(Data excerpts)
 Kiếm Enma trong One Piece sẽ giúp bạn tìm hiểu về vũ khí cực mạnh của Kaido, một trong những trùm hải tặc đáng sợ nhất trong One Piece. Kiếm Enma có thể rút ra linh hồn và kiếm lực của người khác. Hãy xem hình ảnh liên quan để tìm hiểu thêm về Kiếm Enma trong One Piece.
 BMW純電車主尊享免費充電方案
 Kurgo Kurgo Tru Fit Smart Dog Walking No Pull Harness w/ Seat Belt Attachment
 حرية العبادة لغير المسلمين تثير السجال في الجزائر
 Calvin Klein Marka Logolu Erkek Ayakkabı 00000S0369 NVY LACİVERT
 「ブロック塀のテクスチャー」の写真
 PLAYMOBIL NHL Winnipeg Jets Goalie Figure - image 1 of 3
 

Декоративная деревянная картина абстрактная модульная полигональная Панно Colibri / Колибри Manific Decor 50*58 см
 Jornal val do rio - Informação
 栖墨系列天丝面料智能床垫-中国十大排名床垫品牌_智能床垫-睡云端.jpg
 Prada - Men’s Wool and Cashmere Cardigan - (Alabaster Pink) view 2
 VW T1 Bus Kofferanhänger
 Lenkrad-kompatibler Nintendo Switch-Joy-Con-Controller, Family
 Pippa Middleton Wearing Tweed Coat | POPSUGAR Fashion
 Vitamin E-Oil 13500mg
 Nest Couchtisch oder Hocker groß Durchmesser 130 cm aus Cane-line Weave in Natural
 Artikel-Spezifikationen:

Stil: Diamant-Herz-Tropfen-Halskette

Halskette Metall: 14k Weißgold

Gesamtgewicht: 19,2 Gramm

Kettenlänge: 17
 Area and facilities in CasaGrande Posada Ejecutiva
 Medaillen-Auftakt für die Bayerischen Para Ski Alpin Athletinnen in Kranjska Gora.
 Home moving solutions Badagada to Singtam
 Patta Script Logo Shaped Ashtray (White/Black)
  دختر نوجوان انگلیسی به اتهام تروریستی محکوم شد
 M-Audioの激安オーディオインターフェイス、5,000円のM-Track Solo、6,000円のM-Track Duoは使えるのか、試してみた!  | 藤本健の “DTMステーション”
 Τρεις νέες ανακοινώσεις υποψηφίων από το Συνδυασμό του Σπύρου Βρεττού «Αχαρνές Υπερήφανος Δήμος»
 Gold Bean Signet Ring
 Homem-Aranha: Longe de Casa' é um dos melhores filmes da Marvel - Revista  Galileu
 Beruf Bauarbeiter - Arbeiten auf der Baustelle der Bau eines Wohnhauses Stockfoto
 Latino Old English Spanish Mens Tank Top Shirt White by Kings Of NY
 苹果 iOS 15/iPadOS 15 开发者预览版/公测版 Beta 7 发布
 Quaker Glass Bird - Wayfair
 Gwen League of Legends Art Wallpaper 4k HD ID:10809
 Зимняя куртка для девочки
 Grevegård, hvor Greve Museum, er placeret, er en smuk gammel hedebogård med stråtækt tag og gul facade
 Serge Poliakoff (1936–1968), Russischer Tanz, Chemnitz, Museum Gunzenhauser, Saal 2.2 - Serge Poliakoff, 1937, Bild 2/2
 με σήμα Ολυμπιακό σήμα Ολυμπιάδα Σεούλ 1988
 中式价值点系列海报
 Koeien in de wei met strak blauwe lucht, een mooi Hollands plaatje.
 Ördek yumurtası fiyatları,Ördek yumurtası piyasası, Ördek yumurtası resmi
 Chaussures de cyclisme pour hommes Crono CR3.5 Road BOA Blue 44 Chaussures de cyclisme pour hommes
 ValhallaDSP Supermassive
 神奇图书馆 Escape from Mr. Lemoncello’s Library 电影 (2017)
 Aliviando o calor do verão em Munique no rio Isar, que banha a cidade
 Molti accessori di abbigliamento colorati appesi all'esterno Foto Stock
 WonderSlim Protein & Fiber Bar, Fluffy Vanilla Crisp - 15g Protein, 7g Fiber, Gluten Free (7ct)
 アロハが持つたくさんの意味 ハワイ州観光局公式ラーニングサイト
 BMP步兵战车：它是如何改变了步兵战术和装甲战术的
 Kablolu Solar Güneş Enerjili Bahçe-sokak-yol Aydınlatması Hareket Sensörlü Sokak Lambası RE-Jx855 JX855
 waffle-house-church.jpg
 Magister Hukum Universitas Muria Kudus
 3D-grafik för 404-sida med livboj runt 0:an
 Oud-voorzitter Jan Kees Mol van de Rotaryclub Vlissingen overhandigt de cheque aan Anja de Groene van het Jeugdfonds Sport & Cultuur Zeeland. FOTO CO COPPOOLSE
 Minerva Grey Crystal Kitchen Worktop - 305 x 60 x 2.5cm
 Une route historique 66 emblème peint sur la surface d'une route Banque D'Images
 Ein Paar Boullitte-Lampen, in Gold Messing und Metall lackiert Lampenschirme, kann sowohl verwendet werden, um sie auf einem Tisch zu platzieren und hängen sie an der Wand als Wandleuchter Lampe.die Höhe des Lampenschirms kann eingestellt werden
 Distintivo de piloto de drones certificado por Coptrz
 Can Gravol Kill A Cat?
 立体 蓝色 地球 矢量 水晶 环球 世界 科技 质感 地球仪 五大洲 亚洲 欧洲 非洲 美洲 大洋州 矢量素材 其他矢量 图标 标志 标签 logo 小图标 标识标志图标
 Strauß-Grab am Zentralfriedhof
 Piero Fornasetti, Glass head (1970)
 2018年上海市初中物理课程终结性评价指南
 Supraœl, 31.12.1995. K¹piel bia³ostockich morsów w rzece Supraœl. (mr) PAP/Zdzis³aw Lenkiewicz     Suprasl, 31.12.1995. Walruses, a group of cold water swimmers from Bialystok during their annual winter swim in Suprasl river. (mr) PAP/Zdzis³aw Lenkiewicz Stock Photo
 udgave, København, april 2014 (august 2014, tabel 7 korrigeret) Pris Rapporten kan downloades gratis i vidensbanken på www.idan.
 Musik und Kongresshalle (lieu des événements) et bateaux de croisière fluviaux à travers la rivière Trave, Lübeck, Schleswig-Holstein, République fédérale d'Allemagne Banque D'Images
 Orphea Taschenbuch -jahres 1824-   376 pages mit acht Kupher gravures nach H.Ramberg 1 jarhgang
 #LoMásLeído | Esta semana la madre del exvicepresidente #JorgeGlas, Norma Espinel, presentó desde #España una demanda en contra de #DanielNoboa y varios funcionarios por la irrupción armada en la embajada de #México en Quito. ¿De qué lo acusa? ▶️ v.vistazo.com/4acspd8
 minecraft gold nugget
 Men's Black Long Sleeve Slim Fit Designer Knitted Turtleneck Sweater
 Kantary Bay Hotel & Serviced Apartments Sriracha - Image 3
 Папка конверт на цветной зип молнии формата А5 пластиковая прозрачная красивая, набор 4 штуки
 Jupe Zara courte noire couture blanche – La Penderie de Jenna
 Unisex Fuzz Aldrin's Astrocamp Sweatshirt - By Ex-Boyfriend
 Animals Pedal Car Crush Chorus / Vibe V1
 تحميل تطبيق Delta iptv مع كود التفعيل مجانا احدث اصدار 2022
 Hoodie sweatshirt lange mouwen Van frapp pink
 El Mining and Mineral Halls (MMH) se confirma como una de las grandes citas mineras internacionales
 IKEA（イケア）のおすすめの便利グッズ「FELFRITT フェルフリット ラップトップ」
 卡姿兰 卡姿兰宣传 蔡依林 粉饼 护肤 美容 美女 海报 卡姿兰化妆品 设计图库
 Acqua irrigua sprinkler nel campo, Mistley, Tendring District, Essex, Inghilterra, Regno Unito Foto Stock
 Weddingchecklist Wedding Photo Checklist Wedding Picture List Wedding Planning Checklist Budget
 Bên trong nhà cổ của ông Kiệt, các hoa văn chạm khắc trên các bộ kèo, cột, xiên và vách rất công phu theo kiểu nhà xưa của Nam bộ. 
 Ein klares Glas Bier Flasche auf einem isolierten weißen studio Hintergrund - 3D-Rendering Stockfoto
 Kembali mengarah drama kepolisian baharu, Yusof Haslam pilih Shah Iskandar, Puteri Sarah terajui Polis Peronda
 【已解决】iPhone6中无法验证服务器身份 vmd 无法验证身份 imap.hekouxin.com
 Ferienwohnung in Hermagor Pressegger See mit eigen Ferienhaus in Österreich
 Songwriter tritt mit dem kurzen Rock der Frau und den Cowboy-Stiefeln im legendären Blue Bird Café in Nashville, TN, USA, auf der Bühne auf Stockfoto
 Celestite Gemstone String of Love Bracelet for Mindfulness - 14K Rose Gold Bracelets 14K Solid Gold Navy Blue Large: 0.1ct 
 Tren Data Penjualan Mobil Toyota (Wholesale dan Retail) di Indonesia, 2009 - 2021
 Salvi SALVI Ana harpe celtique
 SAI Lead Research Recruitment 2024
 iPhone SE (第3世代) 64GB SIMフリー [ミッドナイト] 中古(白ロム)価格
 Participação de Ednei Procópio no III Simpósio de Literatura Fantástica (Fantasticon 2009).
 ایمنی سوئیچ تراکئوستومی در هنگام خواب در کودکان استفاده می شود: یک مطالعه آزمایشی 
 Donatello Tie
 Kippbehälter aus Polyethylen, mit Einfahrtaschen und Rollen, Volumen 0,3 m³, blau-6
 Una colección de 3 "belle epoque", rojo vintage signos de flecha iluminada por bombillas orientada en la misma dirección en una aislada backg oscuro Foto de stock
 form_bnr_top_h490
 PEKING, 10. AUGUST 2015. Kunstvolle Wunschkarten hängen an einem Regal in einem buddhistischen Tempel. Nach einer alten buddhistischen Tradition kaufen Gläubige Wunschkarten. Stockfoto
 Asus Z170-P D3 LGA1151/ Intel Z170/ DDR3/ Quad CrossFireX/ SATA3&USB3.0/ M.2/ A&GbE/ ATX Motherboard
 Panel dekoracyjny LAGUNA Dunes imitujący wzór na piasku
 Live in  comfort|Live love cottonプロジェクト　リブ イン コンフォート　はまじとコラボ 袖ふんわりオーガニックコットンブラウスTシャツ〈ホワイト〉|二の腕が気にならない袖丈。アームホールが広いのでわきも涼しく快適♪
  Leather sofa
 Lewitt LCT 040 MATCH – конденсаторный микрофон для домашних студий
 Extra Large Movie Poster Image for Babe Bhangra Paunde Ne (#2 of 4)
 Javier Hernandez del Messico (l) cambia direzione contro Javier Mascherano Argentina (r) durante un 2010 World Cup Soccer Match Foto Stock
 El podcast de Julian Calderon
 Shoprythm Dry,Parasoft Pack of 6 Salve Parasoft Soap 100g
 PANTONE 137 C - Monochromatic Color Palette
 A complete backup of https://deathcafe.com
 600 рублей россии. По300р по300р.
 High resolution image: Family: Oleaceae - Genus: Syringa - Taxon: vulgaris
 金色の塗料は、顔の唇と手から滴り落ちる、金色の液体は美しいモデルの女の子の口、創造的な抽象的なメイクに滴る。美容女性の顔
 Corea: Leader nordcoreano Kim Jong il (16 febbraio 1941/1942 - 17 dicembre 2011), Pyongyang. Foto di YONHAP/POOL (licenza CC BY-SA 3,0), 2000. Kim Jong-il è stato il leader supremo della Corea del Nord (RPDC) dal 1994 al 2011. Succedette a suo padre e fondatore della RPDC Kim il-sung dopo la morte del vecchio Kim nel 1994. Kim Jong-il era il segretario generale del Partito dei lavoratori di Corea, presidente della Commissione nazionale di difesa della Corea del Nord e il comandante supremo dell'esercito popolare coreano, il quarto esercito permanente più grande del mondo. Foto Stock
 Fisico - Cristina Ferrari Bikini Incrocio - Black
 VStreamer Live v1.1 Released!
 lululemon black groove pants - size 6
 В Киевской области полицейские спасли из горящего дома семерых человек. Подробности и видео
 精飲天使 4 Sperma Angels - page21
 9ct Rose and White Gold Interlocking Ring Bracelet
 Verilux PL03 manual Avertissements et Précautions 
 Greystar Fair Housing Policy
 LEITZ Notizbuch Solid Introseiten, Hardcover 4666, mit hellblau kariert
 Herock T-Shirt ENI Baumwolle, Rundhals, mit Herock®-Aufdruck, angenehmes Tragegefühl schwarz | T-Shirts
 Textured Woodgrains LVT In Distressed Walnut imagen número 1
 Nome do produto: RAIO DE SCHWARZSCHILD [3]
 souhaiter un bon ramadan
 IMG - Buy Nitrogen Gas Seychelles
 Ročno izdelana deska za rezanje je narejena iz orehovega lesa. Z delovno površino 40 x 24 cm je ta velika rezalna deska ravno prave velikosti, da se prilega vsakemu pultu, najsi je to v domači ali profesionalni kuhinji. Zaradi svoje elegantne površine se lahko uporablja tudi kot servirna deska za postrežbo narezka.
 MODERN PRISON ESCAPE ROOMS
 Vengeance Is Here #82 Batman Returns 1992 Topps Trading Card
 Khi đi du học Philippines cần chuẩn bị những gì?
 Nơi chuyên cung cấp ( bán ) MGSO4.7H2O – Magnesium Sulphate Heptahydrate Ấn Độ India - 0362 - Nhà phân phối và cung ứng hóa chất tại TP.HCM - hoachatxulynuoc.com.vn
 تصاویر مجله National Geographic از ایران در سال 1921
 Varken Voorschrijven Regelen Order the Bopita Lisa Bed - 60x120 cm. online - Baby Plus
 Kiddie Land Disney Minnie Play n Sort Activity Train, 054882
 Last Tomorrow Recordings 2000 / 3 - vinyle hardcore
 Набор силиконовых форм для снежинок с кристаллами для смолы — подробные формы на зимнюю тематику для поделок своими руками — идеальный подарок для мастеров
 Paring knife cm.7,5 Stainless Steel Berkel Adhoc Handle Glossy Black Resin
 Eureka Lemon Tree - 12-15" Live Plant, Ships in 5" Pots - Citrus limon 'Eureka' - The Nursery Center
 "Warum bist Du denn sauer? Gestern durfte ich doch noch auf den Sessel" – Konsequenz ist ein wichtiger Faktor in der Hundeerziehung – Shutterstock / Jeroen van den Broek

◆ Required action: Look through the data above and return exactly the lines from the one that contains "IMG - Buy Nitrogen Gas Seychelles" to the one that contains "Last Tomorrow Recordings", inclusive, with nothing else.

◆ Solution to this task:
 IMG - Buy Nitrogen Gas Seychelles
 Ročno izdelana deska za rezanje je narejena iz orehovega lesa. Z delovno površino 40 x 24 cm je ta velika rezalna deska ravno prave velikosti, da se prilega vsakemu pultu, najsi je to v domači ali profesionalni kuhinji. Zaradi svoje elegantne površine se lahko uporablja tudi kot servirna deska za postrežbo narezka.
 MODERN PRISON ESCAPE ROOMS
 Vengeance Is Here #82 Batman Returns 1992 Topps Trading Card
 Khi đi du học Philippines cần chuẩn bị những gì?
 Nơi chuyên cung cấp ( bán ) MGSO4.7H2O – Magnesium Sulphate Heptahydrate Ấn Độ India - 0362 - Nhà phân phối và cung ứng hóa chất tại TP.HCM - hoachatxulynuoc.com.vn
 تصاویر مجله National Geographic از ایران در سال 1921
 Varken Voorschrijven Regelen Order the Bopita Lisa Bed - 60x120 cm. online - Baby Plus
 Kiddie Land Disney Minnie Play n Sort Activity Train, 054882
 Last Tomorrow Recordings 2000 / 3 - vinyle hardcore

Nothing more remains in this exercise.